The problem
My own response to the covid-19 lockdown has led me to running laps of my garden instead of running my regular public routes.
Several laps later and it was obvious that the GPS on my smart watch was struggling to track my runs in the restricted space of my garden. A quick discussion with the guys at work who have worked on GPS confirmed that GPS’s accuracy is only about 4m, so GPS was not going to work in the confines of my garden.
A possible solution?
Having experience of Machine Learning (ML), we decided to try using it together with time-lapse video capture to automatically count me completing laps of my garden. All I needed to do was measure a lap, and then use ML to do the counting to give me the length of my run – an ideal solution!
For machine learning we used ML.NET. This offers several different machine earning modes including image classification and object detection and is written in Microsoft’s .Net technology which is compatible with Windows, Mac and Linux.

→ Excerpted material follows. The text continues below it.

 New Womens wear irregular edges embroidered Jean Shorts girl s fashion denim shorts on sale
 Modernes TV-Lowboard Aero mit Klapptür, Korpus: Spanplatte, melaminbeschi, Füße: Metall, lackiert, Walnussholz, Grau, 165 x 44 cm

All that was left was to record myself running laps of my garden using time-lapse software on my phone and pick a ‘start/finish’ region within the scene to count laps.
Decisions, decisions
To detect me going through the ‘start/finish’ region, we decided to use Object Detection instead of Image classification, these are both Machine Learning features of ML.Net.
Although Image Classification seemed like a good approach (it can distinguish between valid and non-valid images), it does require a lot of work to ‘train’ the model beforehand. This would make it difficult to change the start/finish region or for use in someone else’s garden.
Object detection
Object Detection, on the other hand, uses a pre-trained model to both identify objects within an image and give a probability of identification accuracy. Handily, it can also provide the coordinates and size of the object in the image.
For image analysis we used the small and fast YOLOv2 pre-trained ONMX model that can image detect people and 19 other object types and can be imported into ML.
First run using a desktop application
Thats not a person! |
Instead of creating a console application, we opted to create a desktop application. This enabled us to provide a simple UI to browse to a folder of images and provide some on screen details (number of images etc). Later, we expanded the UI to add some additional features.
In the first version we chose to load all the images in the specified folder and pass them to the ML.NET analysers in one go. The video that I had shot had 2403 images, so each image had to be loaded into memory and processed, and then these results were looped through one by one to detect any objects.
This was taking approximately 30 seconds per frame! On top of that, the resolution of the images (1280 x 720 pixels) made the accuracy of detection low. The detail in the image was making it difficult to distinguish a person … from a tree, as you can see in the photo.
Take Two! Let’s get specific
The first version worked, but we needed to make some changes to the processing pipeline to speed it up and narrow down the search area. We identified that we needed to do the following:
- Select a smaller, targeted region of the image and use that for object detection
- Check the detected objects and see if a person has been identified
- If a person is identified, skip the next few frames (which is really seconds) to avoid double counting
- Process each image individually
To do this, we modified the UI to allow the user to draw a search region within the image and then roll the video sequence several frames back and forth to check that the person was correctly passing through this region.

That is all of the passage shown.